Let me let this sink in overnight. Maybe it will gel. Thanks.

By the way, how do you change what a reference references? I'd like to know it! (Not to use it, but just to know it.)

Well, by declaring a variable "const" you are explicitly allowing the compiler to make optimizations under the assumption that the variable will not change values. In this particular case, the compiler saw in the cout that you were outputting a const, so rather than read a memory location for the value, it "knew" what the value should have been.

You have to be very careful with const_cast for these reasons. (Usually the only times I need it are when I'm interfacing to a const incorrect function/library.)

EDIT: 2 additional things.

First, normally, const int x = 77; would allow the compiler to just use the constant 77 without the need to even allocate memory for the "variable". However, by taking the address of x, it forces the compiler into allocating memory for x, and since the compiler does not know if you will dereference it at any point, it must put 77 there.

So this explains the behavior you saw.

Second, when you are wondering what rule trumps what rule, you should remember that compilers are dumb. The answer to your "really smart compiler...." question is no. When compiling a line of code inside a function, the compiler does not remember what you've done previously in the function, nor does it know what you will do on subsequent lines of code: it only knows what you are doing on the line of code it is compiling.

First, I hope the "shut up" was meant in the funny way

It was meant in a funny way.

Couldn't a really smart compiler see that I'm accessing both i and &i and decide that that consistency must be maintained, and provide an error or warning at compile-time

Getting a pointer to a const is too common. The warning would come up too often and be ignored.
What could produce a warning could be a const T * being cast to a T *, be that implicit or explicitly. Of course, C++ is designed to let you shoot yourself in the foot if you really want to. If you're explicitly doing the cast, it's because you know what you're doing.

or just outright disallow the optimization and make the cout statement actually look up i instead of trusting it's 10?

That could be done, but again, you told the compiler that the value of i wouldn't be changing. You're the one who broke the contract. The compiler is free to optimize this if it wants.

even though it can see, in the same scope, that it is being changed?

It can't see it. Once you get the pointer to the variable/const, the compiler can no longer tell what's going on. Pointers can be used in so many different ways, the compiler doesn't even bother.

By the way, how do you change what a reference references? I'd like to know it! (Not to use it, but just to know it.)
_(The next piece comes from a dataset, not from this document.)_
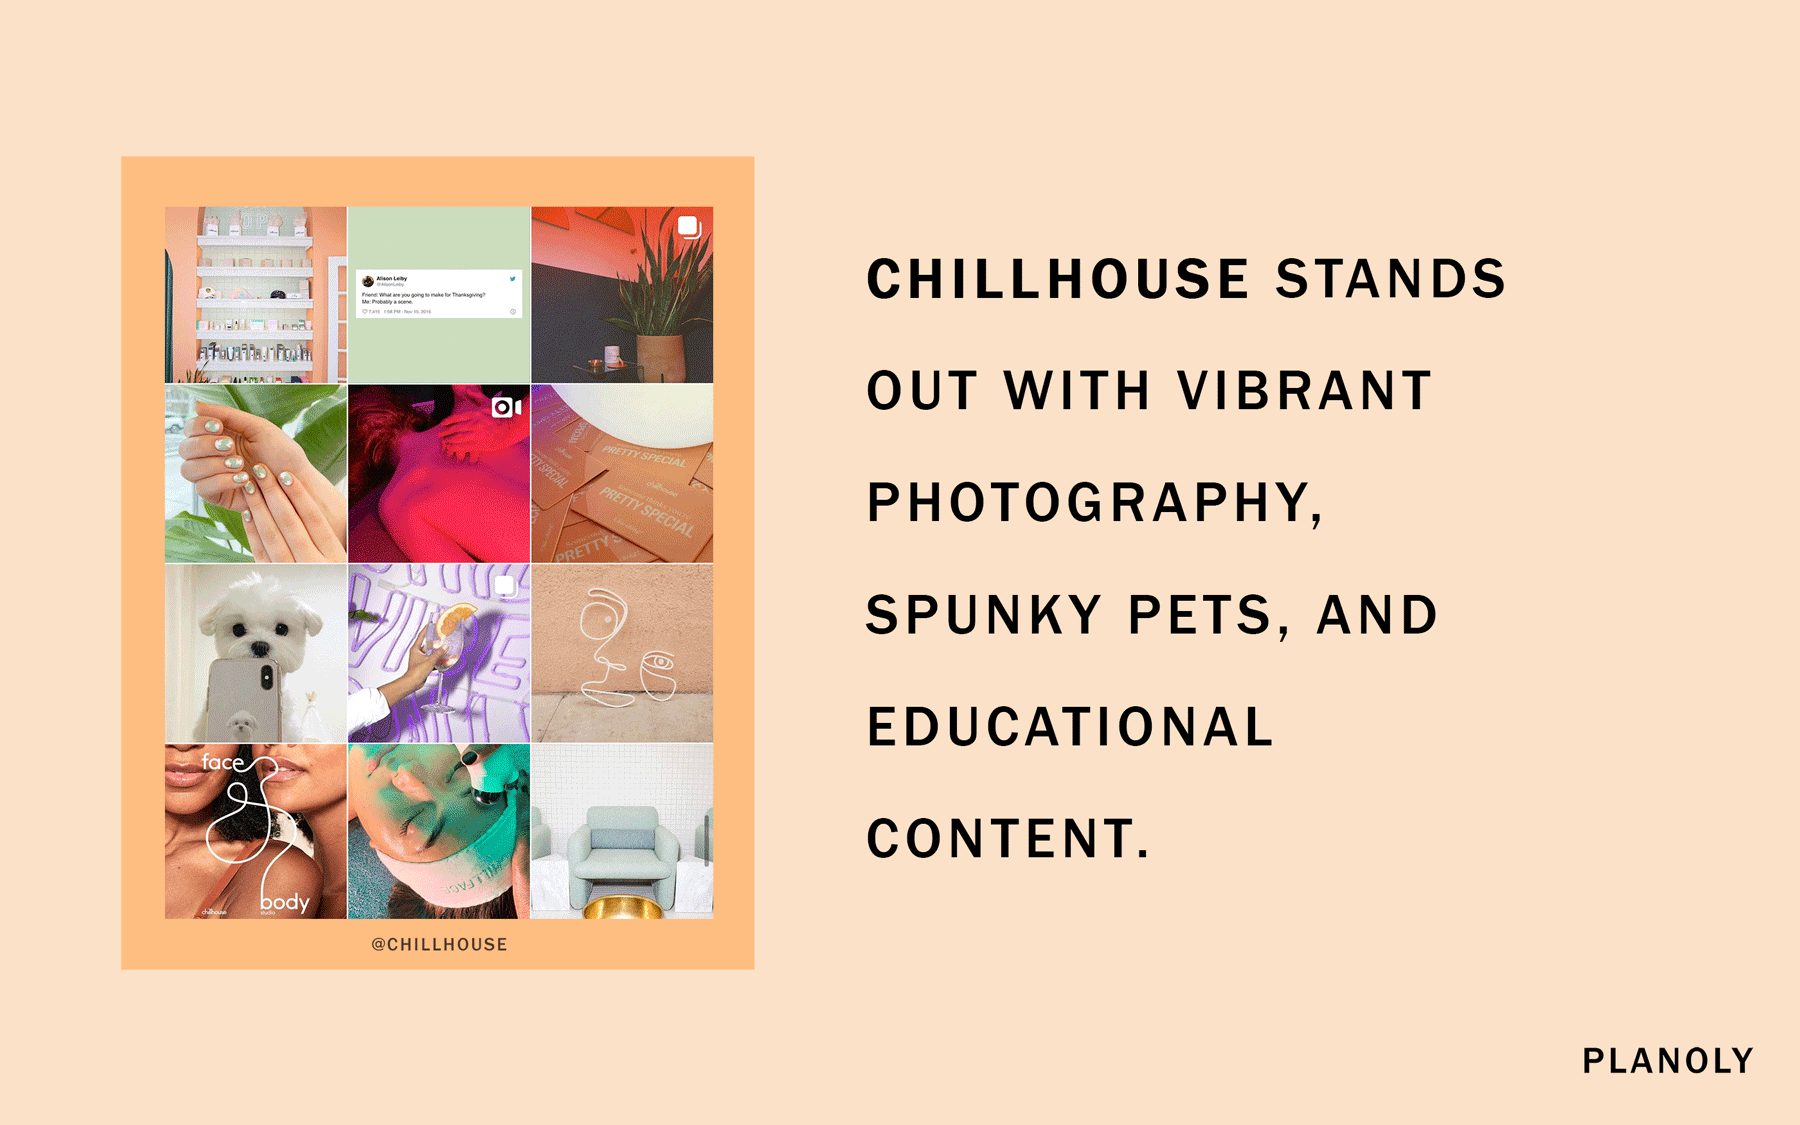 Planoly-Blog-Post-PLANOLEADERS-Chillhouse-Image-2--2

Don't stare at it for too long or you might get a headache: http://www.cplusplus.com/forum/beginner/3958/page2.html#msg18630
It only works when compiled by VC++. I haven't tested it in different versions, so it may even only work when compiled by VC++ 9.0 (2008).
Also read the thread from the beginning. The discussion is pretty interesting. My opinion on references has improved a bit since then. I don't hate them anymore. I don't love them, but I don't hate them.

Couldn't a given compiler not do this optimization in version, say, 3.0 (i.e., look-up i in memory rather than "hard-compile" it as "10"), and then institute this optimization in version 3.5, making the code act differently than the developer intended or expected? If the answer is yes, I guess you'd say that was the developer's fault? If the answer is no, is it that it is indeed spec'd that a const NOT be evaluated by inspecting memory, but by hard-compiling it as 10?
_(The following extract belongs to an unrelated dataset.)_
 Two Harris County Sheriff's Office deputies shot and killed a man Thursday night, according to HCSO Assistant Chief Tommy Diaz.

I wonder what other scenarios allow for different results in the behavior in a compiled program for the same source code using different compilers. Sounds dangerous. And if these ambiguities exist, I wonder if there's a way to code that is the most conservative, to avoid anomalies from one platform to anoter. In the case of the simple program I wrote above, if Compiler A hard-compiled i as 10, and Compiler B looked up the value of i in the cout statement in memory, despite its const-ness, (provided those two interpretations of C++ compiler specification are equally valid) I gotta think about how one would code it in the most conservative way to avoid different behaviors when compiled with A and B. Not sure...

By the way, having Compilers A and B is not unusual, right? I've worked in environments where the same source code was used in Xcode, Visual Studio, and various compilers on Unix and Linux. I guess there are always preproceesor directives to account for differences. But that assumes you're catching all the issues before your customer does.
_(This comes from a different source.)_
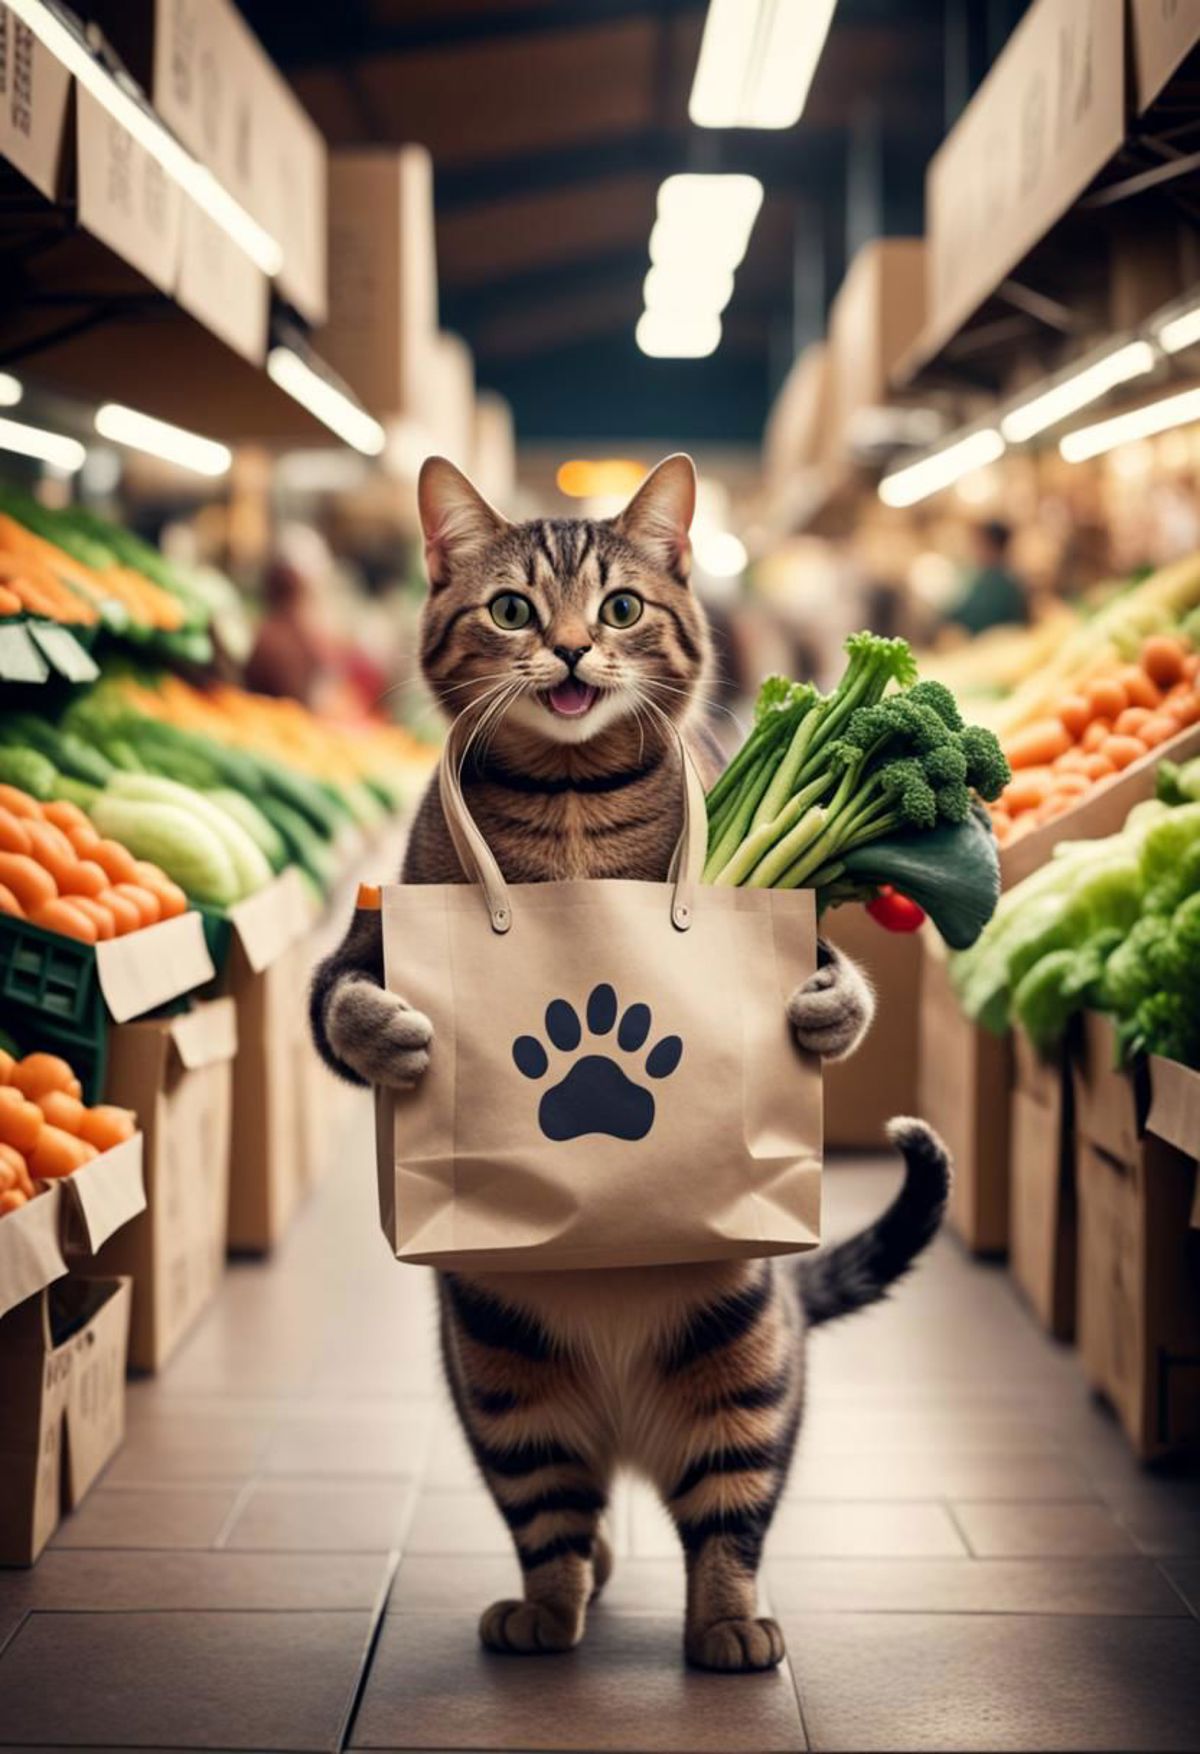 A cat holding a bag with a paw on it.

Couldn't a given compiler not do this optimization in version, say, 3.0 (i.e., look-up i in memory rather than "hard-compile" it as "10"), and then institute this optimization in version 3.5, making the code act differently than the developer intended or expected?

It could, but if it happens and your code breaks, it's because you're not following the standard as you should and it's your own fault. If you are following the standard and it still breaks then yes, it's a compiler bug.

I wonder what other scenarios allow for different results in the behavior in a compiled program for the same source code using different compilers.

The source of most of them is between the screen and the chair.
Some of them aren't (entirely) the programmer's fault:
The result of this can't be known without knowing the platform's endianness. At the same time, the result of this can be used to figure it out.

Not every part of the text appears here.